_Data shown_:
====

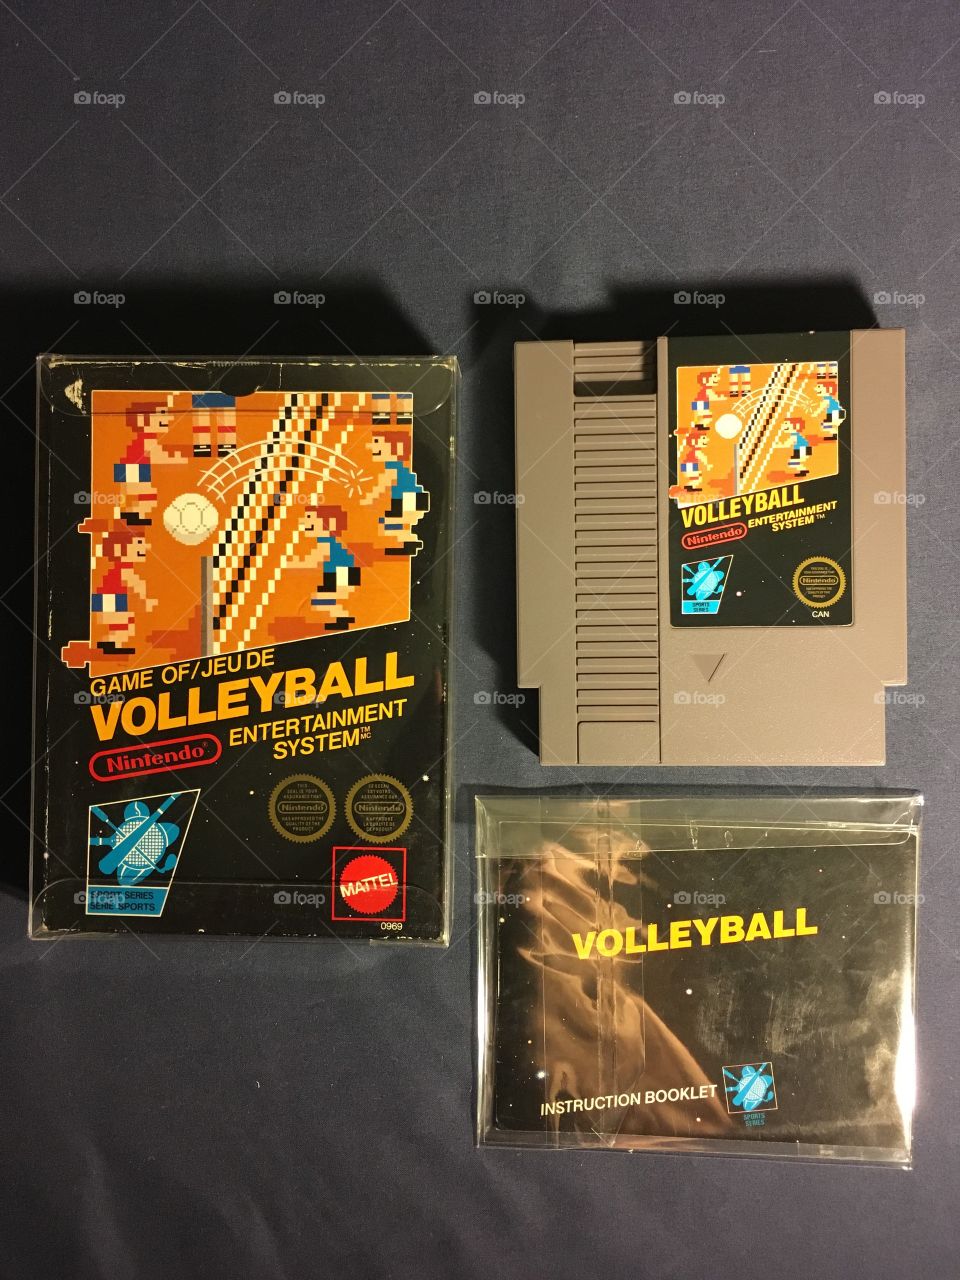 Volleyball video game for the Nintendo NES
Released - 1987
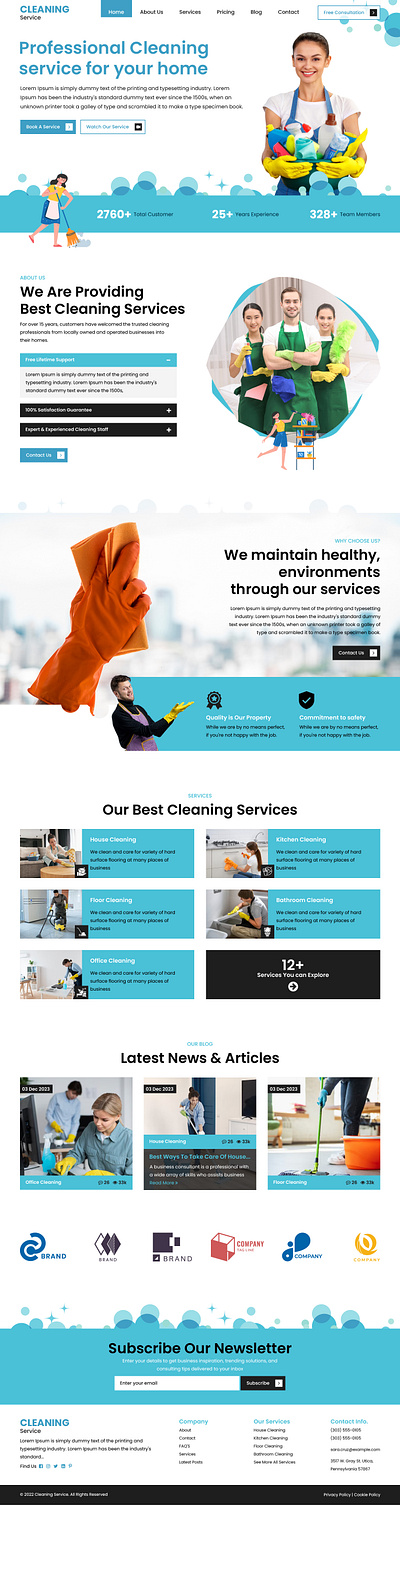 Cleaning Service Landing Page UI cleaning service page ui cleaning services webpage design landing page landing page ui service page ui design ui ui design
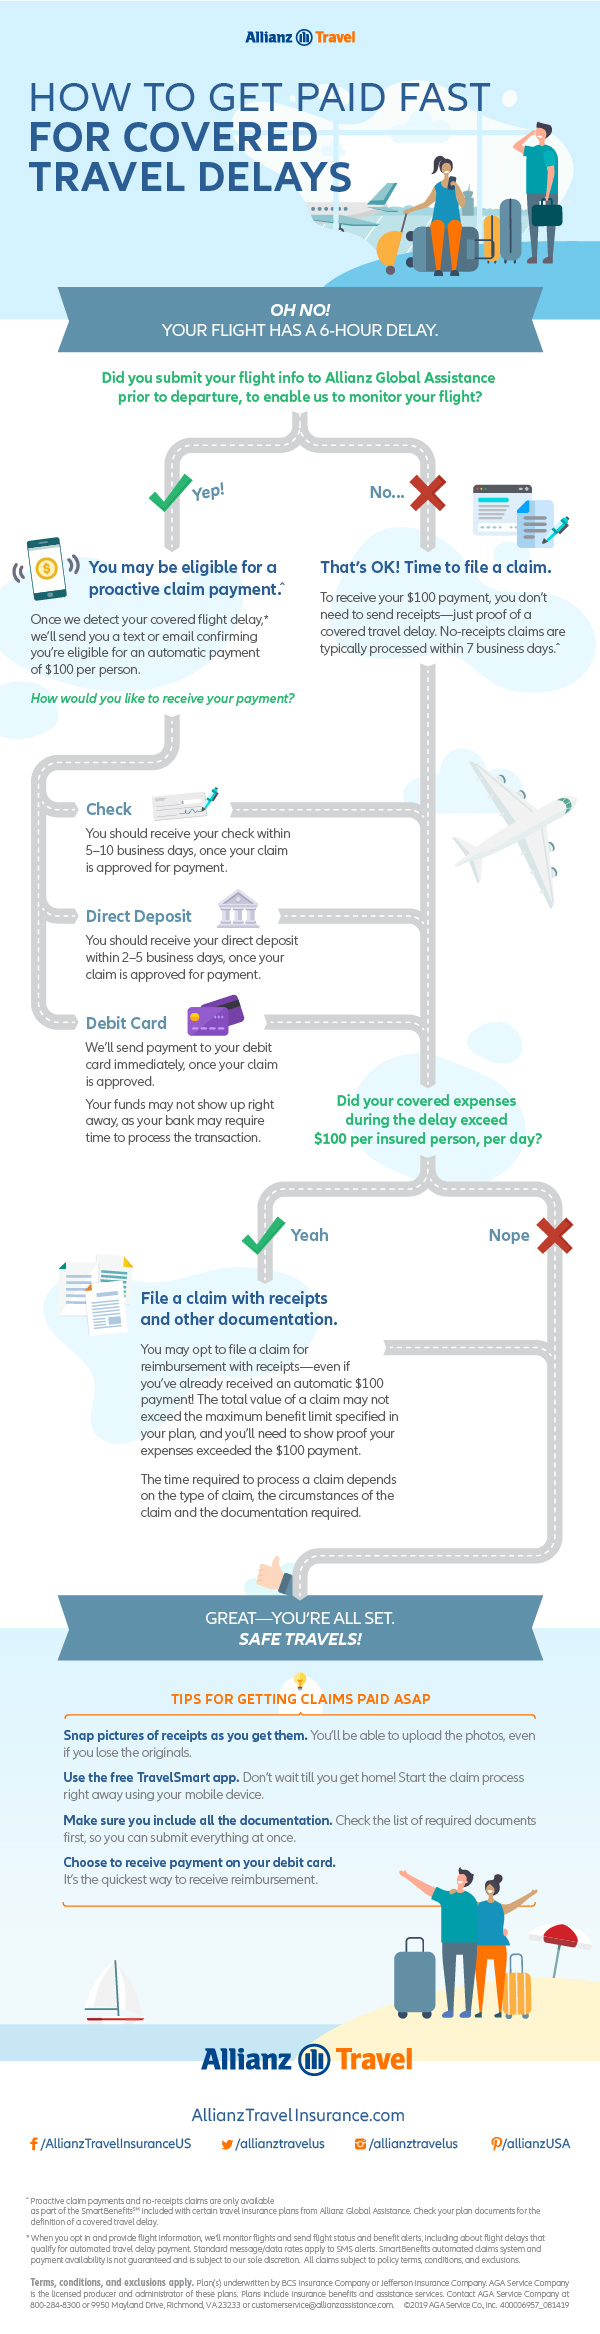 Allianz - Infographic: How SmartBenefits℠ Can Speed Up Claim Payments

====

_Required work_:
An exact reproduction of the data is needed, with no pictures included.

_Task output_:
 Volleyball video game for the Nintendo NES
Released - 1987
 Cleaning Service Landing Page UI cleaning service page ui cleaning services webpage design landing page landing page ui service page ui design ui ui design
 Allianz - Infographic: How SmartBenefits℠ Can Speed Up Claim Payments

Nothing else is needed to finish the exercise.